The heads up temperature display connects to twin thermistors inside the case. Beware: these thermistors are very fragile! We mounted one on the motherboard chipset heat sink using tape. The other one went on the Raptor hard drive (which gets surprisingly hot). This allows us to keep an eye on system temperatures.
With respect to noise, at this point the main "bottleneck" is the rear exhaust case fan, even though it is relatively quiet. When turning off this fan (for a few seconds only, to test for sound) the entire machine becomes inaudible—even in a nearly soundproofed room! So the next logical upgrade, if you are so inclined, would be to upgrade the case fans to ultra-quiet models.

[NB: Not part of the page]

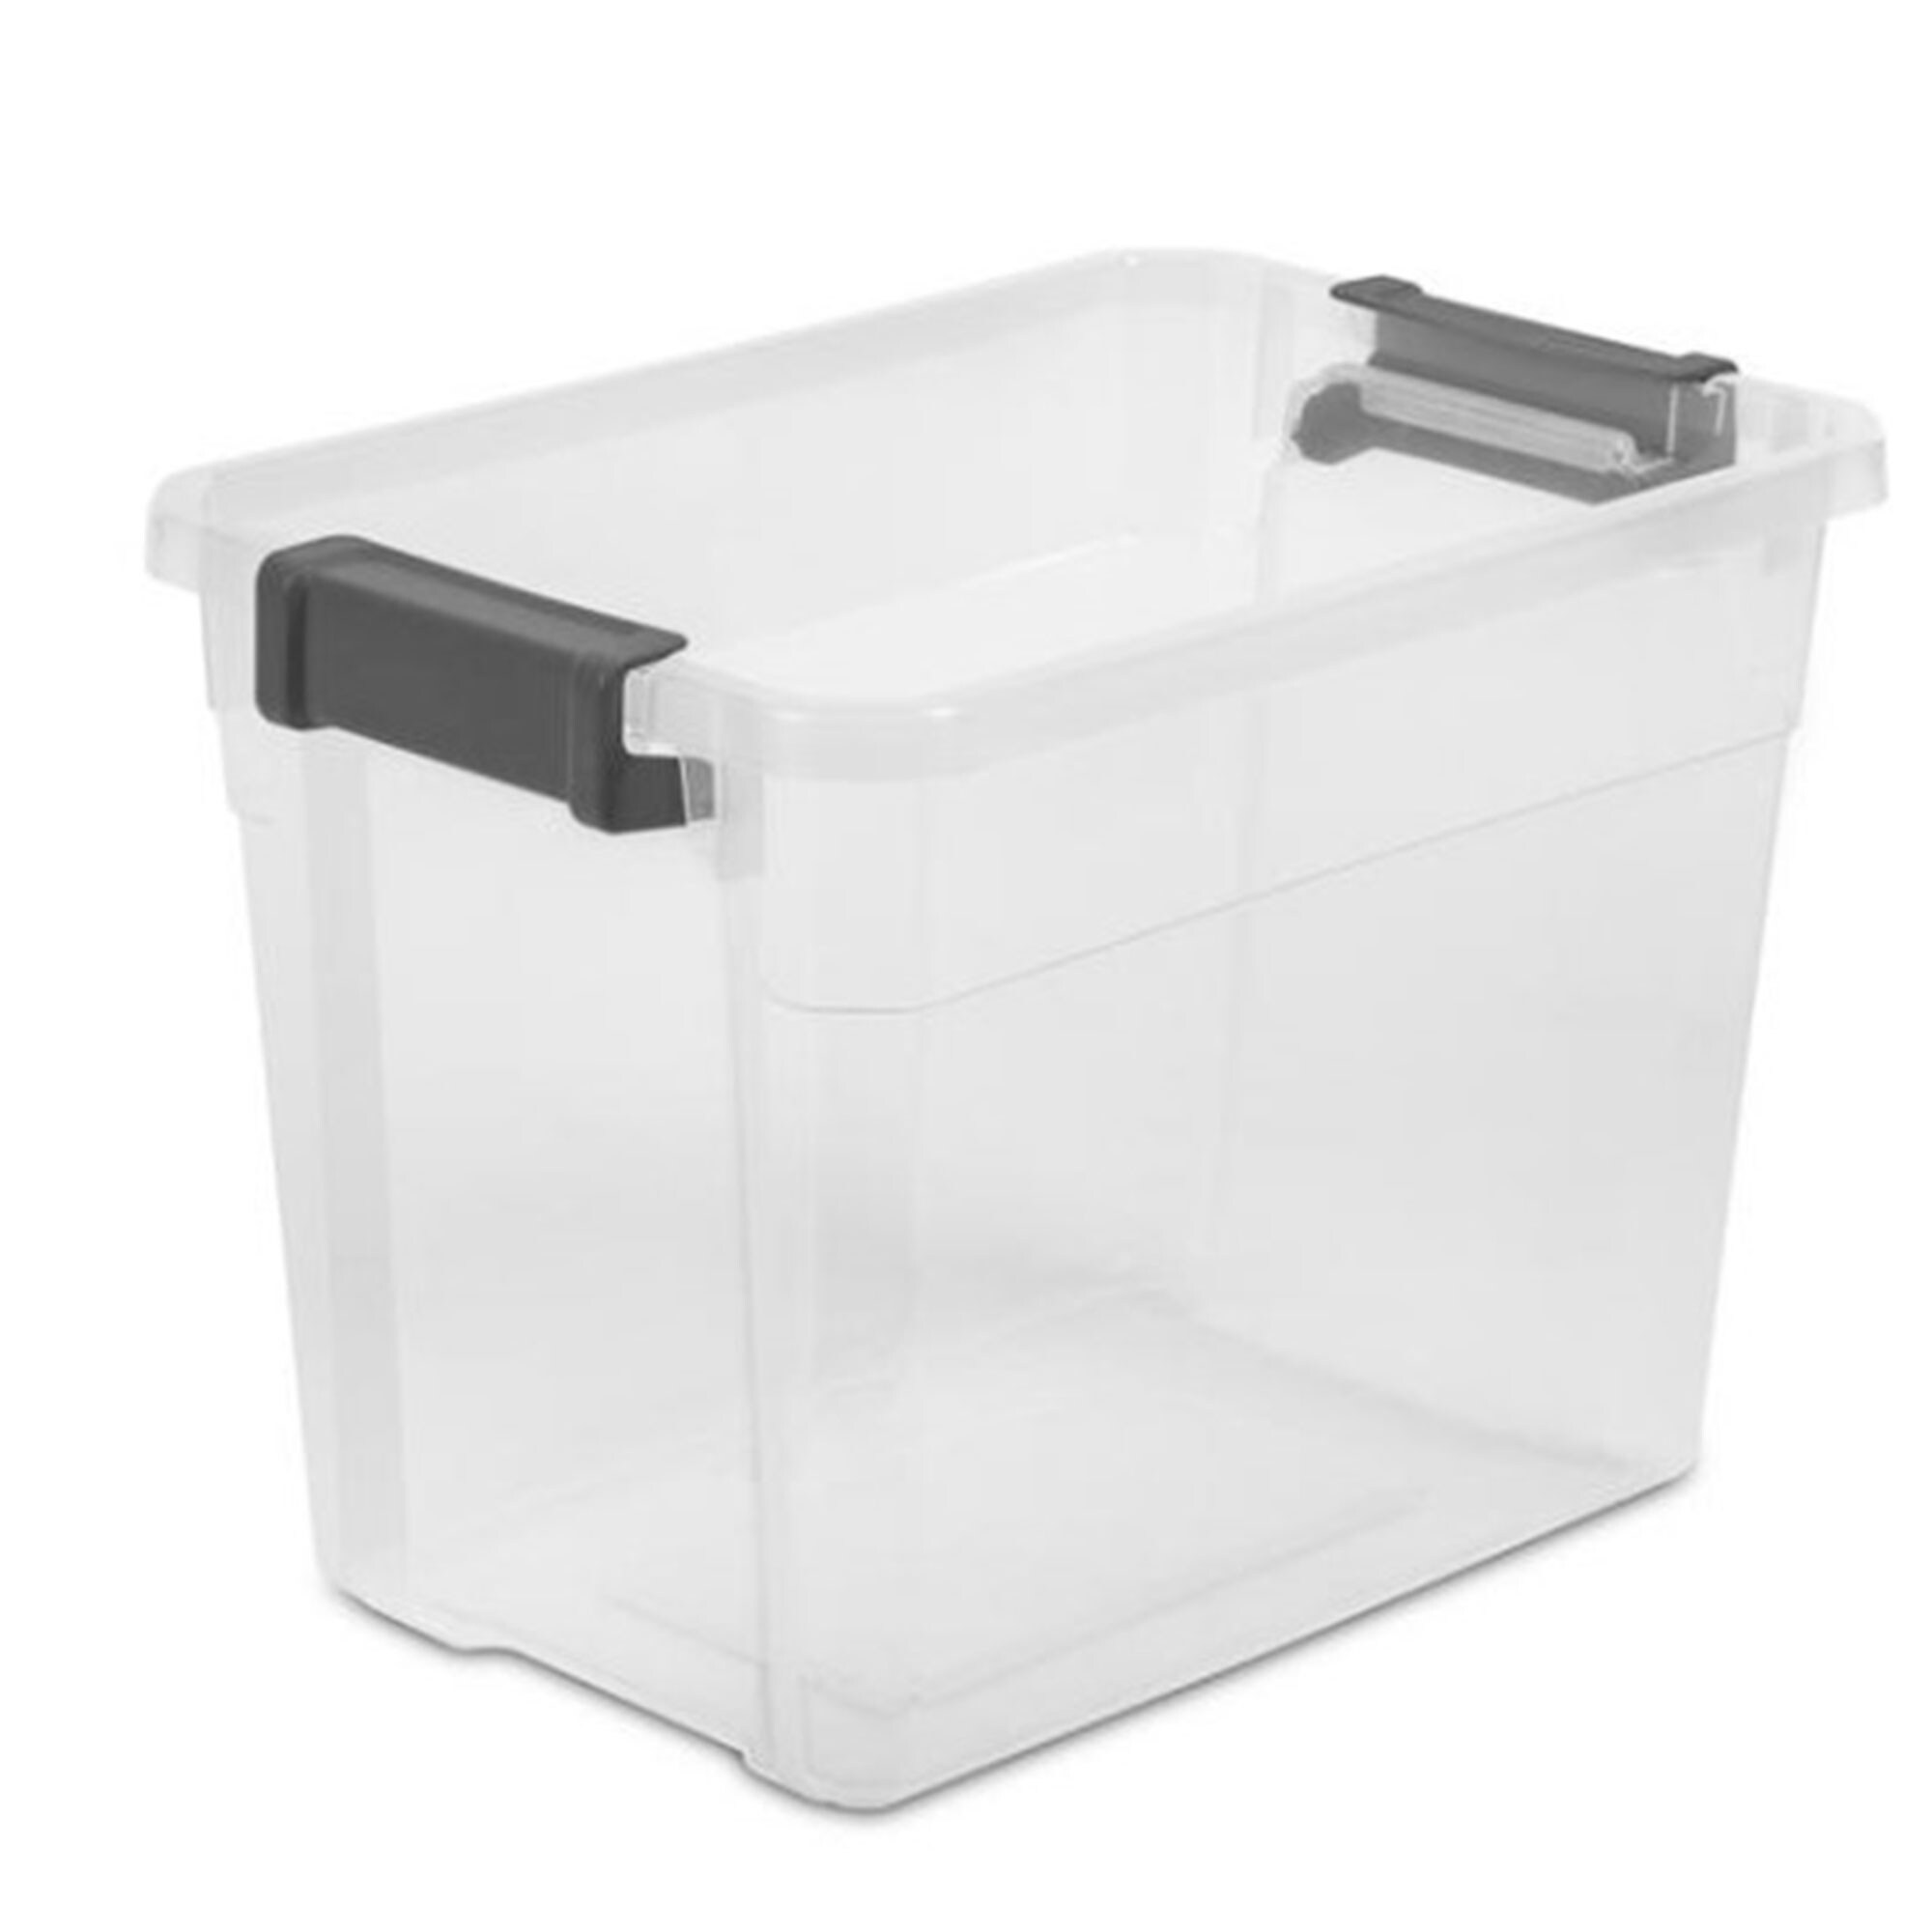 https://ak1.ostkcdn.com/images/products/is/images/direct/ae7ce01556ddcf615525bacd328cf837dd158f8a/Sterilite-30-Qt-Clear-Plastic-Stackable-Storage-Bin-w--Grey-Latch-Lid%2C-12-Pack.jpg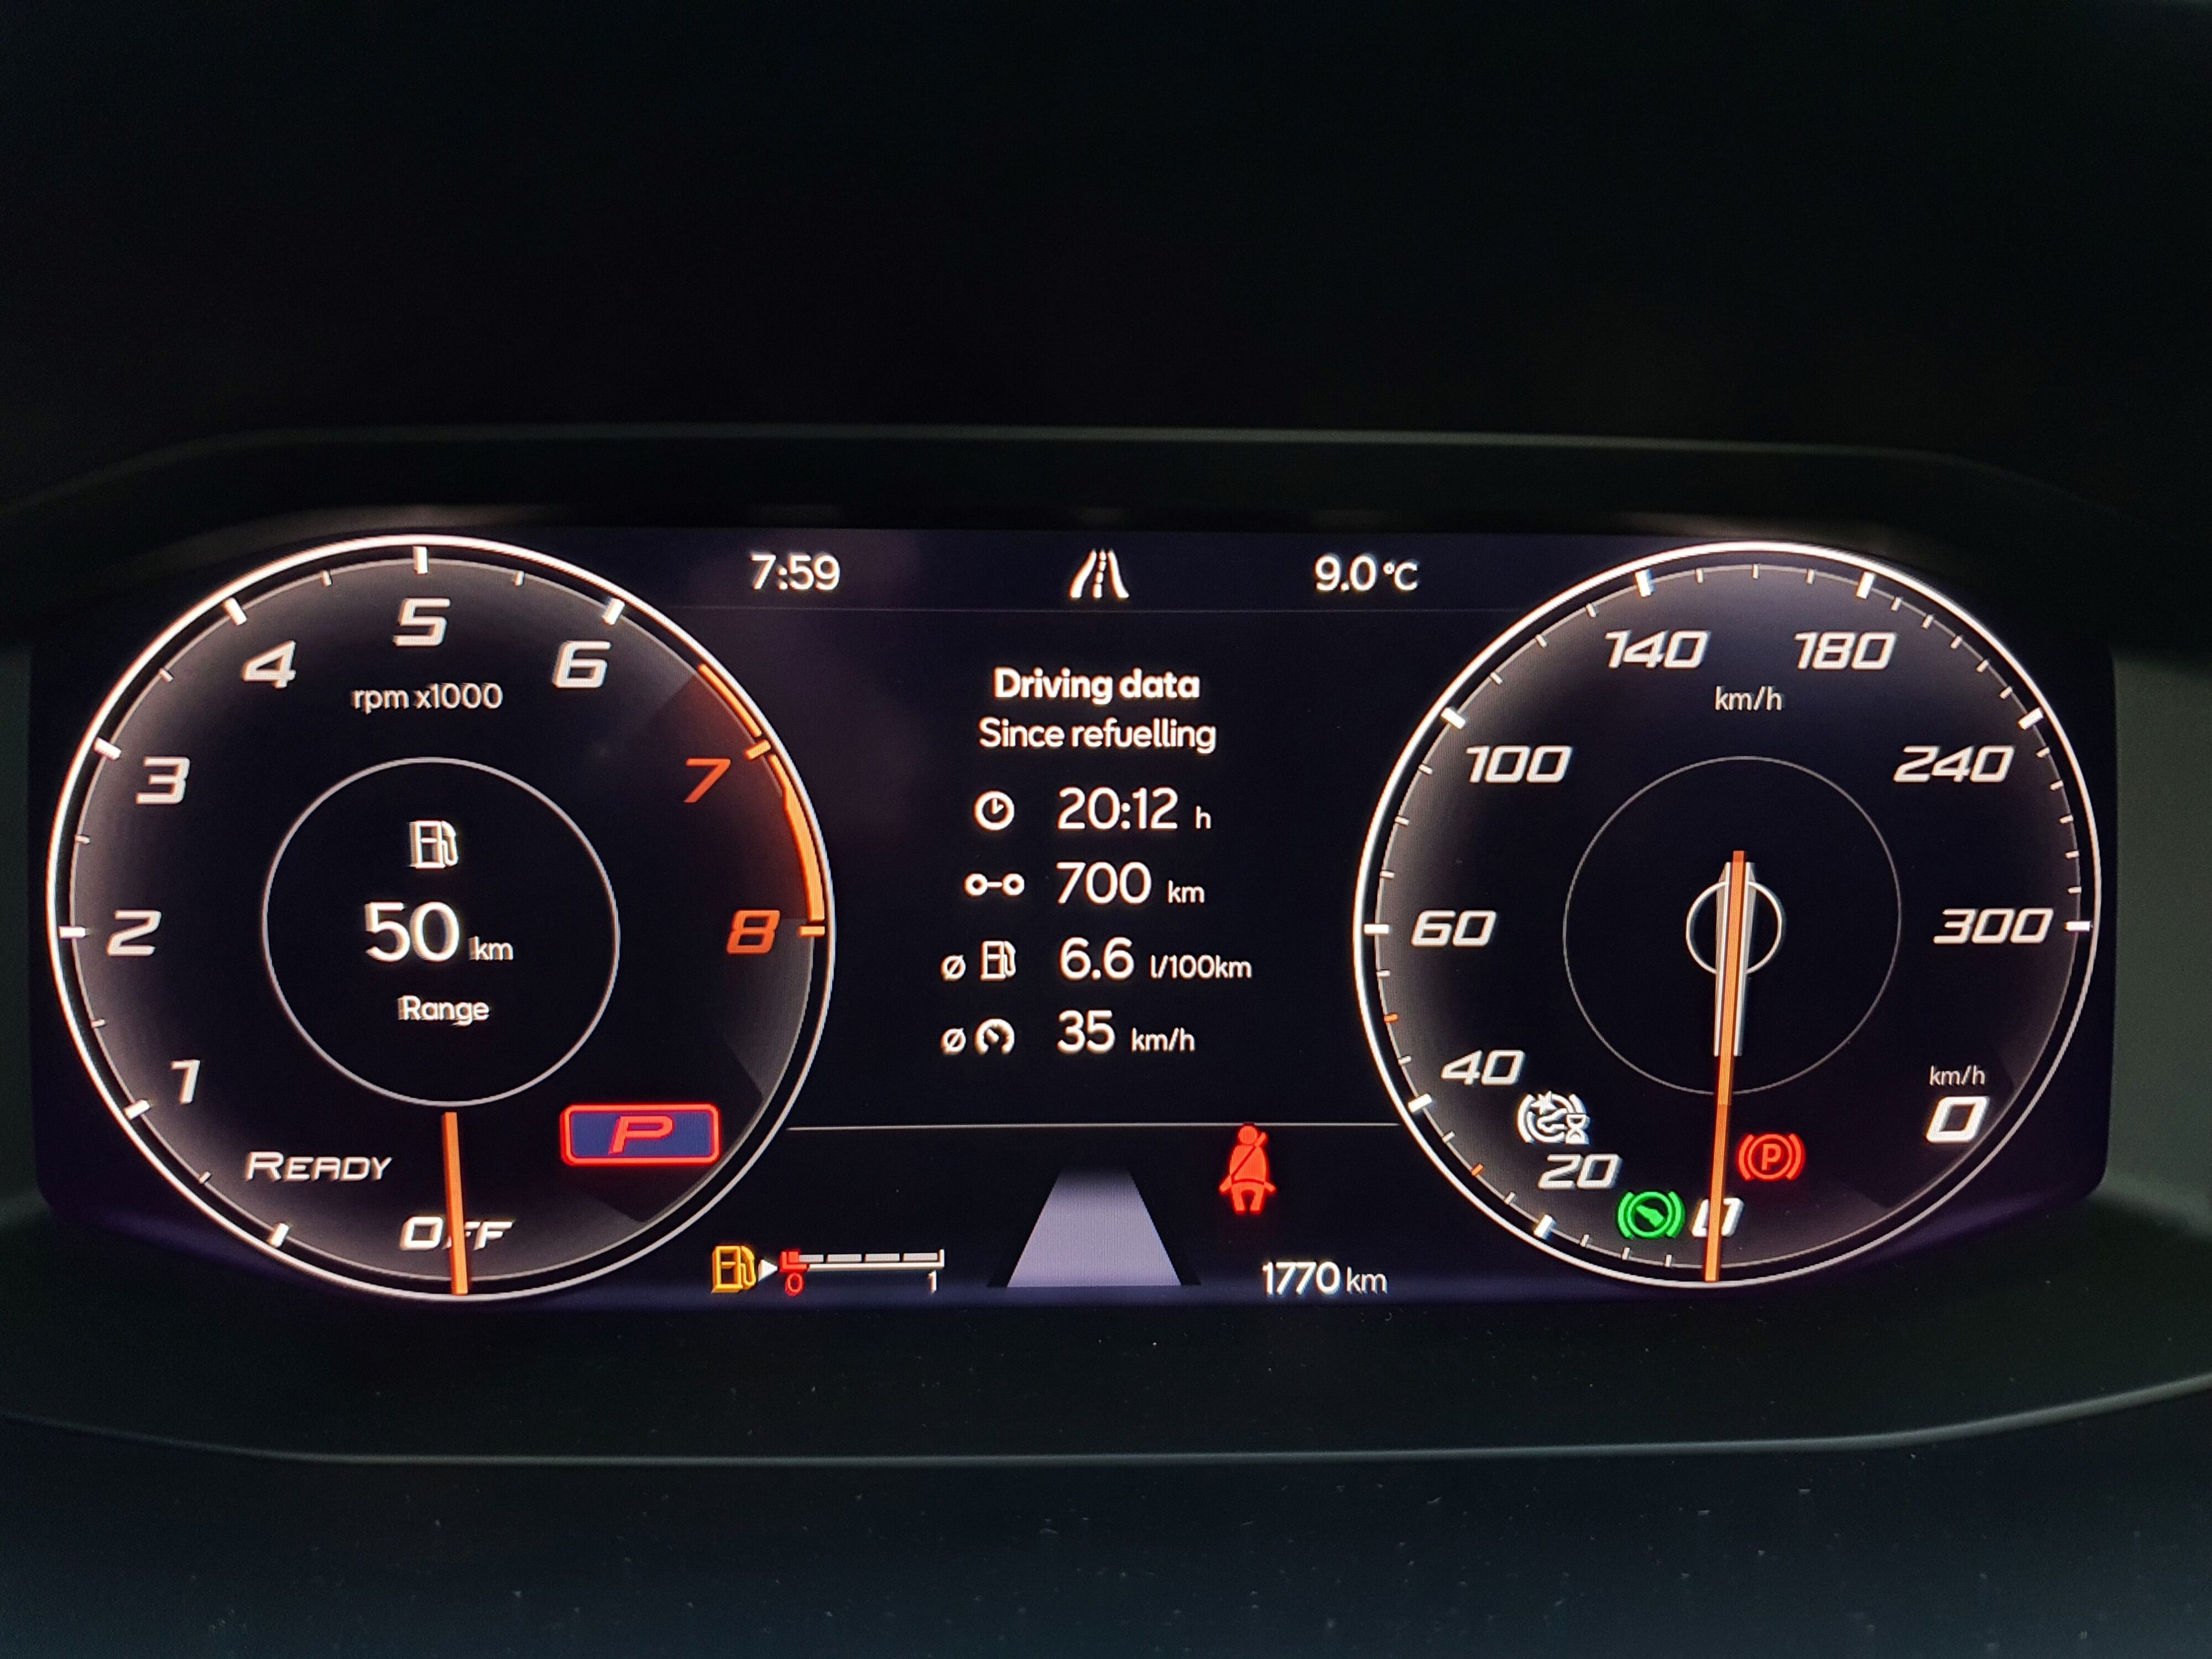 View of the digital instrument cluster on a 2023 Cupra Leon V Sports Tourer.

After testing this system for a few days, we still found it runs a bit hot. So you might want to add an additional 120mm front panel intake fan. This will boost air intake and blow cool air in and over the hard drive, video cards, and mainboard MOSFETs. Luckily, the Antec case has a convenient front intake fan tray that slides out. They thought of everything! You can thus add more airflow to the hard drive, GPU, and chipset.